Benchmark suite for evaluating OpenViking's grep retrieval with VikingDB BM25 engine.

Directory Structure

vikingdb_bm25/
├── ai_wiki.txt              # Source text for synthetic data generation
├── effectiveness/            # Retrieval effectiveness (recall/precision/F1)
│   ├── step1_add_resource.py
│   └── step2_quality.py
└── performance/              # Retrieval performance (latency + returned match count at scale)
    ├── step0_prepare_data.py
    ├── step1_add_resource.py
    ├── step2_reindex.py
    └── step3_benchmark.py

Effectiveness — Retrieval Quality

Tests whether grep can find all matching files in real code repositories.

Data source: Real code repos (download manually, place under ~/.openviking/data/benchmark/).

Step	Script	Description
1	`step1_add_resource.py`	Import code repos (with indexing, single import)
2	`step2_quality.py`	Compare grep results vs ground truth (fs engine, cached)

Usage

bash

# Step 1: Import repos (with VLM/embedding, single import)
cd effectiveness/
python3 step1_add_resource.py --source ~/.openviking/data/benchmark/OpenViking-main

# Step 2: Evaluate retrieval quality
#   First run MUST use engine=fs in ov.conf to generate ground truth cache:
#     1. Set ov.conf: "grep": {"engine": "fs"}
#     2. Restart server
python3 step2_quality.py --keywords grep reindex SyncHTTPClient

#   Subsequent runs can use any engine (ground truth is read from cache):
#     1. Set ov.conf: "grep": {"engine": "auto", "switch_to_remote_threshold": 0}
#     2. Restart server
python3 step2_quality.py --keywords grep reindex SyncHTTPClient

# Optional: --regenerate-ground-truth  (force recompute, requires engine=fs)

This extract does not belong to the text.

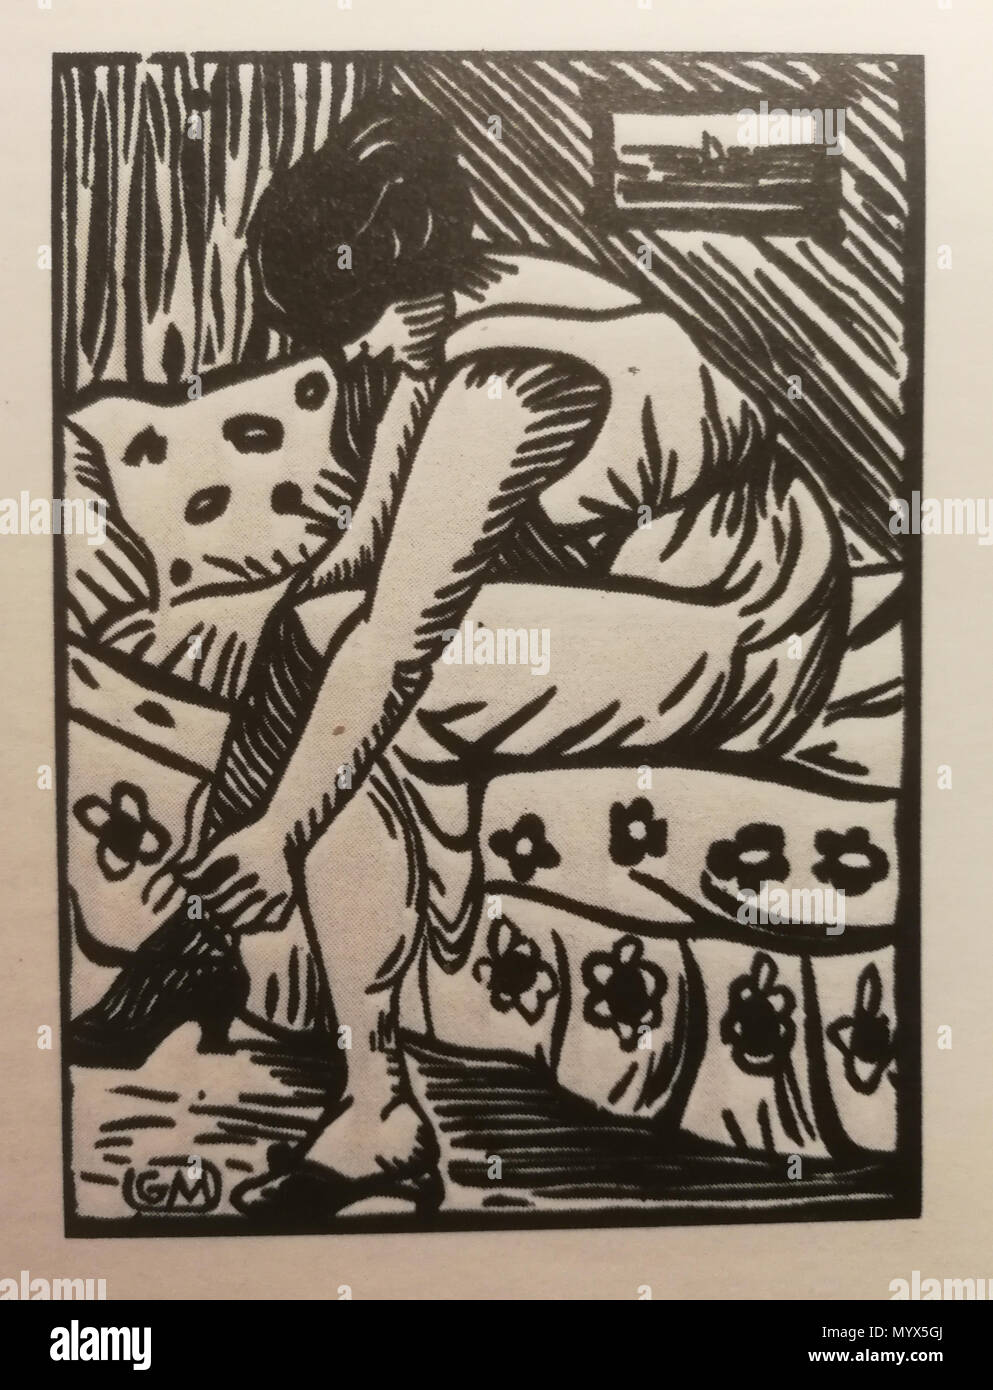 Anglais : Femme tirant ses bas, gravure sur bois, à partir de la Galerie  Barbery (Paris) . Années 1920. Gaspard Maillol (1880-1946) 39  Gaspard-Maillol Femme tirant ses bas Photo Stock - Alamy

Performance — Latency at Scale

Tests grep speed and returned match count on a large synthetic dataset (default: 200K files).

Data source: Generated from ai_wiki.txt with target words injected at known probabilities.

Step	Script	Description
0	`step0_prepare_data.py`	Generate synthetic dataset (dir_xxx/wiki_xxx.txt)
1	`step1_add_resource.py`	Import data (no VLM/embedding, fast)
2	`step2_reindex.py`	Async reindex via openviking-server (concurrency=16, polling)
3	`step3_benchmark.py`	Measure latency and returned match count with `node_limit=256`

Target Words

15 words across 5 probability tiers:

These word groups are defined in performance/step0_prepare_data.py and reused by performance/step3_benchmark.py.

Probability	Words	Expected hits (per 200K files)
1%	heliofract, prismcache, fluxkernel	~2,000
0.1%	auroracode, kiteshade, glyphvector	~200
0.1%	cortexmint, latticewave, spiralsync	~200
0.05%	ripplehash, embertrace, novaframe	~100
0.01%	zephyrloom, quartzrelay, nebulaindex	~20

Usage

bash

cd performance/

# Step 0: Generate data (default: 200 dirs x 1000 files = 200K files)
python3 step0_prepare_data.py

# Optional: append more data for scale-out without overwriting existing dirs
python3 step0_prepare_data.py --start-dir 100 --num-dirs 100

# Step 1: Import without indexing (fast)
python3 step1_add_resource.py

# Step 2: Build vector indexes (requires openviking-server running)
python3 step2_reindex.py
# Optional: --concurrency N  (default: 16)

# Step 3: Benchmark — run with different engine configs
#   Run A: fs engine
#     1. Set ov.conf: "grep": {"engine": "fs"}
#     2. Restart server
python3 step3_benchmark.py --engine-label fs

#   Run B: auto engine (bm25)
#     1. Set ov.conf: "grep": {"engine": "auto", "switch_to_remote_threshold": 0}
#     2. Restart server
python3 step3_benchmark.py --engine-label auto --compare step3_result_fs.json

Key Concepts

Effectiveness tests compare grep results against ground truth from fs-engine grep (cached locally)
Performance tests compare grep latency and returned match counts between engine configs; no ground truth is generated
Effectiveness imports real repos with indexing in a single step, then evaluates quality
Performance imports synthetic data without indexing, builds vector indexes asynchronously, then benchmarks latency
Performance import/reindex steps support resumable execution via progress files
Change grep engine via ov.conf and restart the server between benchmark runs
To horizontally scale the synthetic dataset, run Step 0 again with a new --start-dir, then rerun Step 1 and Step 2.